Increasingly, Twilio is going beyond telephony because the way we communicate on our phones isn’t just voice and text; Channels is a new service that works with Notify, Proxy and Twilio’s SMS API to let you send messages to users on a range of services — everything from SMS and Facebook Messenger to Alexa notifications, Twitter DMs, Kik, Viber, WeChat, BlackBerry Messenger, HipChat and Slack, as well as SendGrid for email.

That list is going to get longer as new services arrive. “We built this really cool engine that allows you to do the complex configuration to onboard a new API for a new endpoint in days; when Facebook announces something when Google announces something, we’ll be able to incorporate these channels really efficiently,” Lawson explained.
It’s not just about connecting a new service thought; Notify also understands what you can do on different services.

“What we’ve done is build out abstractions for key types of engagement; there’s the one-to-zero use case, that’s notifications, there’s one-to-one, many-to-one, one-to-many.

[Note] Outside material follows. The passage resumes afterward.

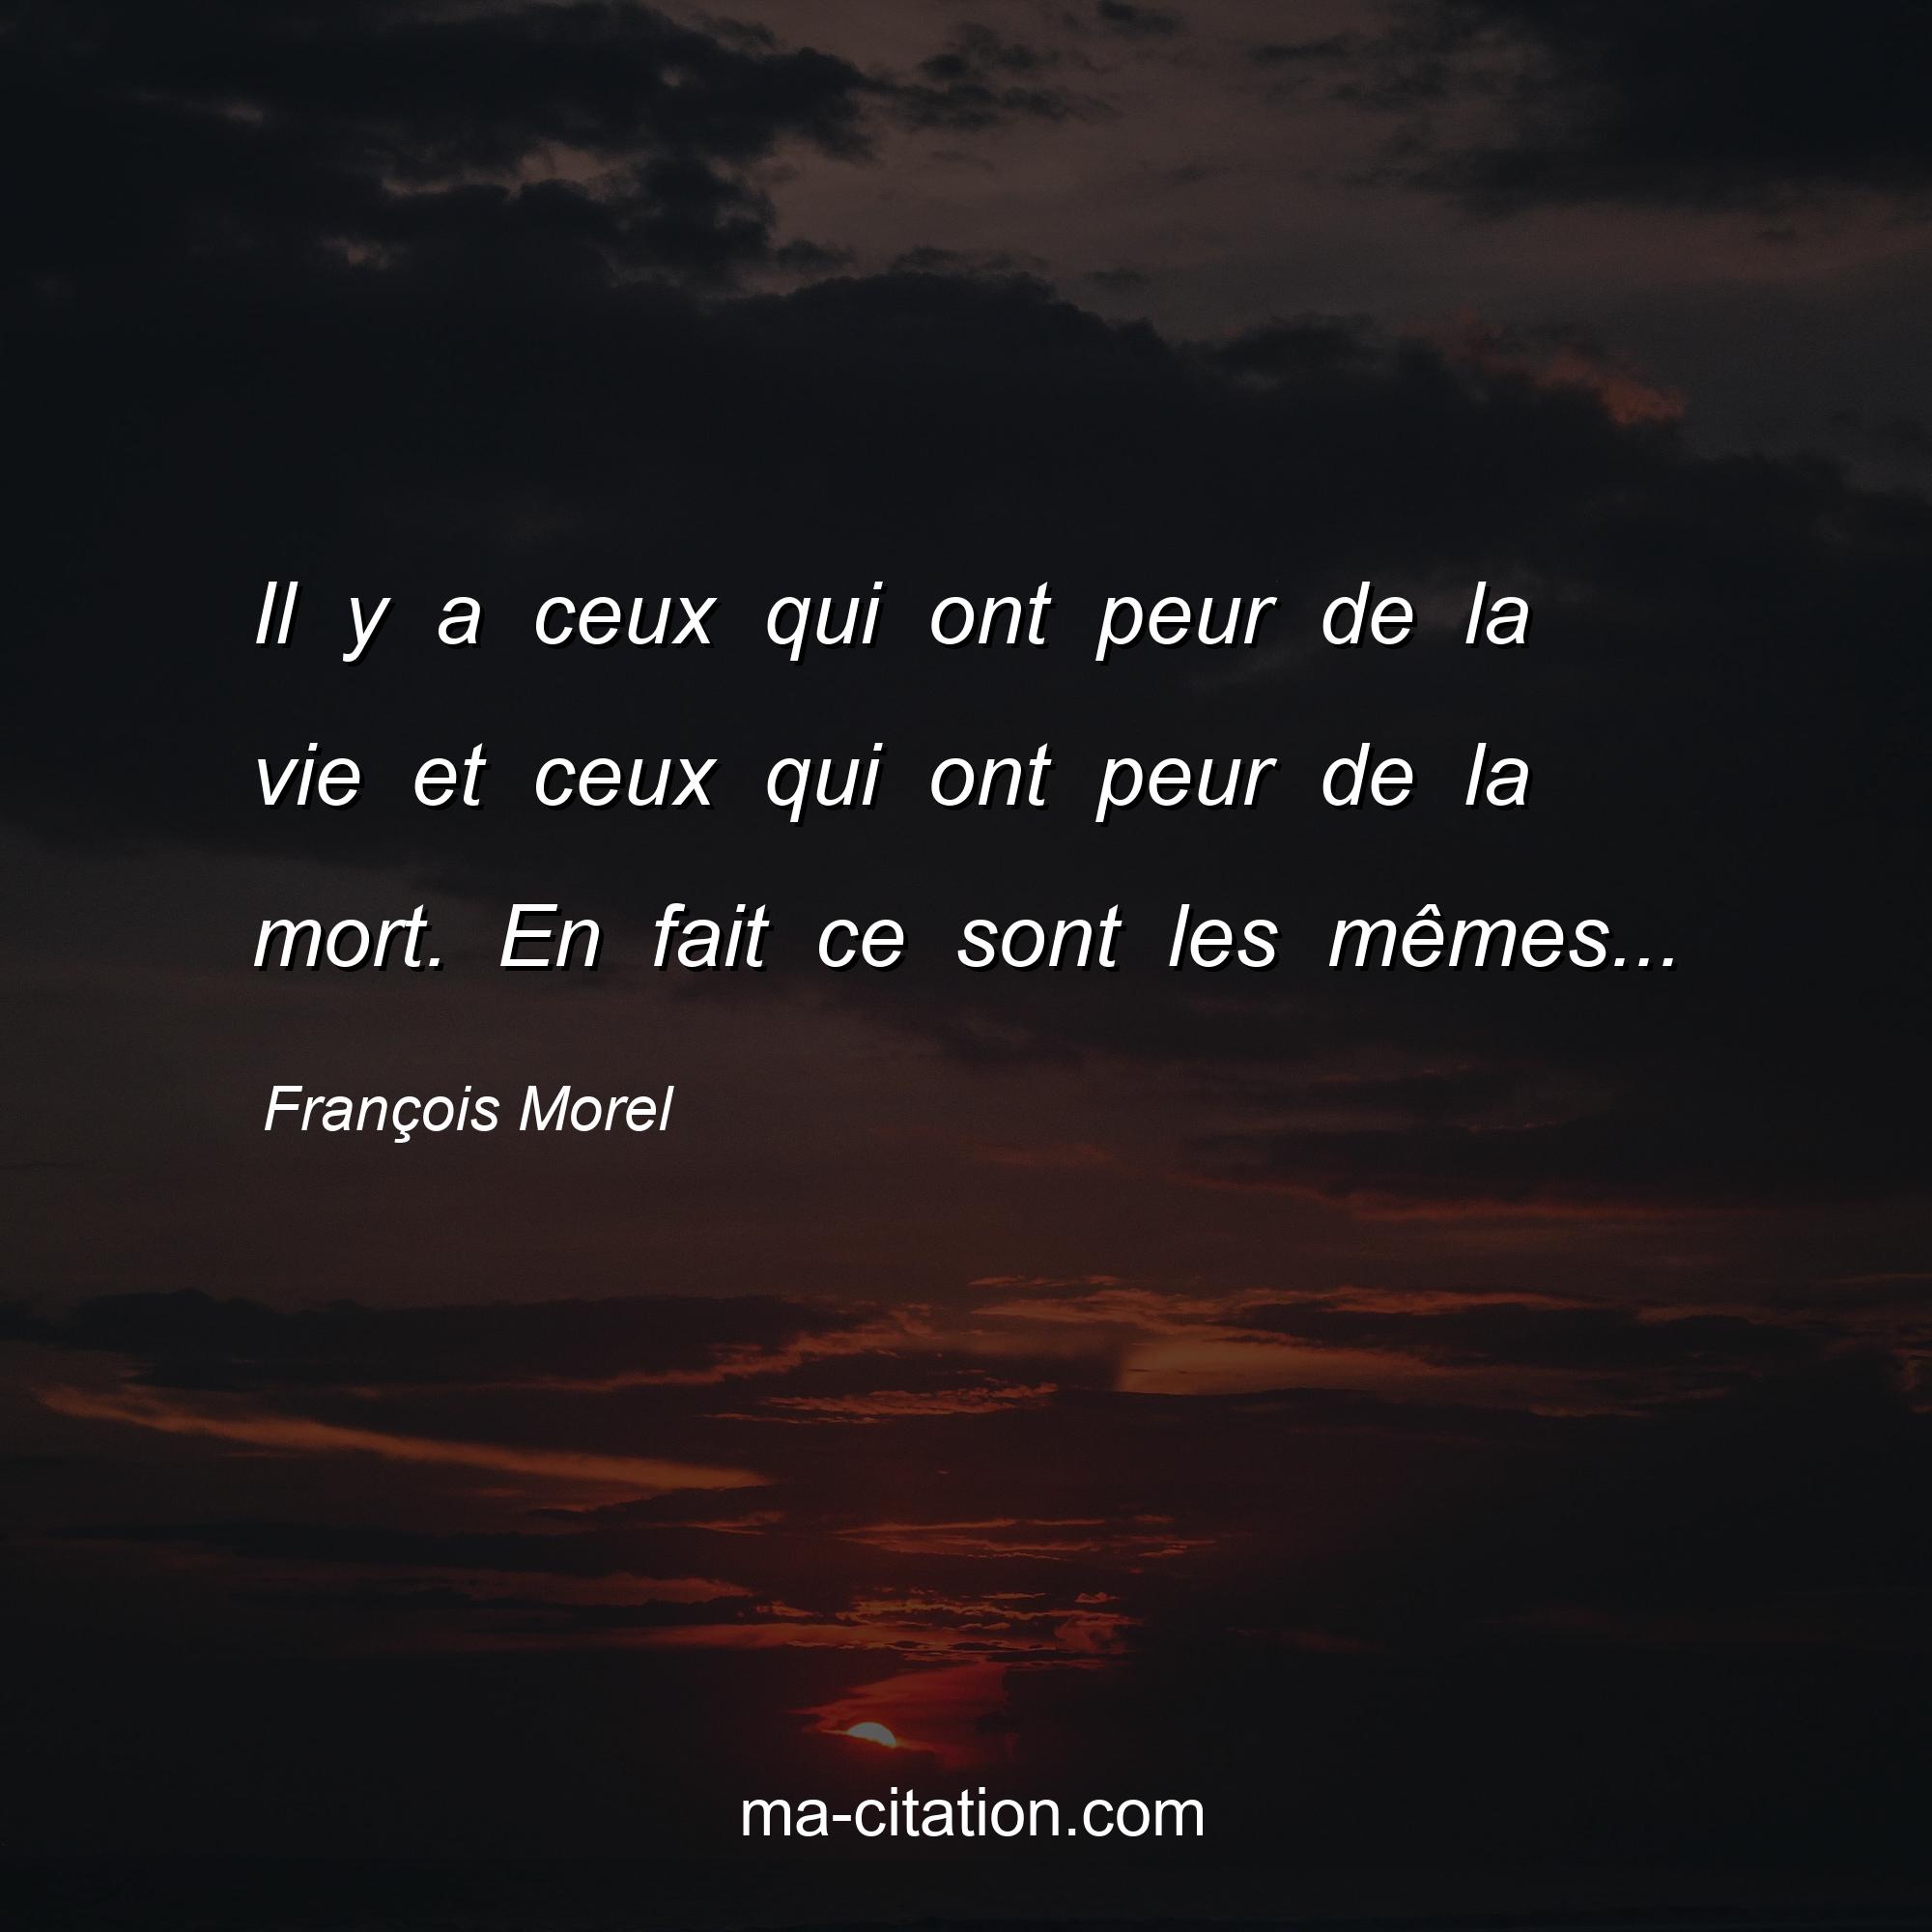 François Morel : Il y a ceux qui ont peur de la vie et ceux qui ont peur de la mort. En fait ce sont les mêmes...

So a one-to-one conversation is Twitter direct messages, many-to-many is Slack, but these are interaction models that end up getting replicated on multiple services. The key is having the right abstractions to plug things into,” Lawson said.

You can use all of those directly in code, or through what Lawson referred to as the Twilio “runtime.” Stretching the usual definition somewhat, this covers the portal on the Twilio site where you can write code, with a built-in debugger, the new serverless Functions tool that abstracts away the usual infrastructure you’d use to run code with a visual programming interface that exposes all the other Twilio services. If you’re using the Chat API to build a chat system, Twilio now offers templates with user interface controls for design.

All this vastly simplifies communications on traditional telephony and across the mix of online tools and services where your users are, even if you only use a single API. Lawson was typically enthusiastic about the potential for developers; “A single developer can command power that entire nations didn’t have access to a few years ago.”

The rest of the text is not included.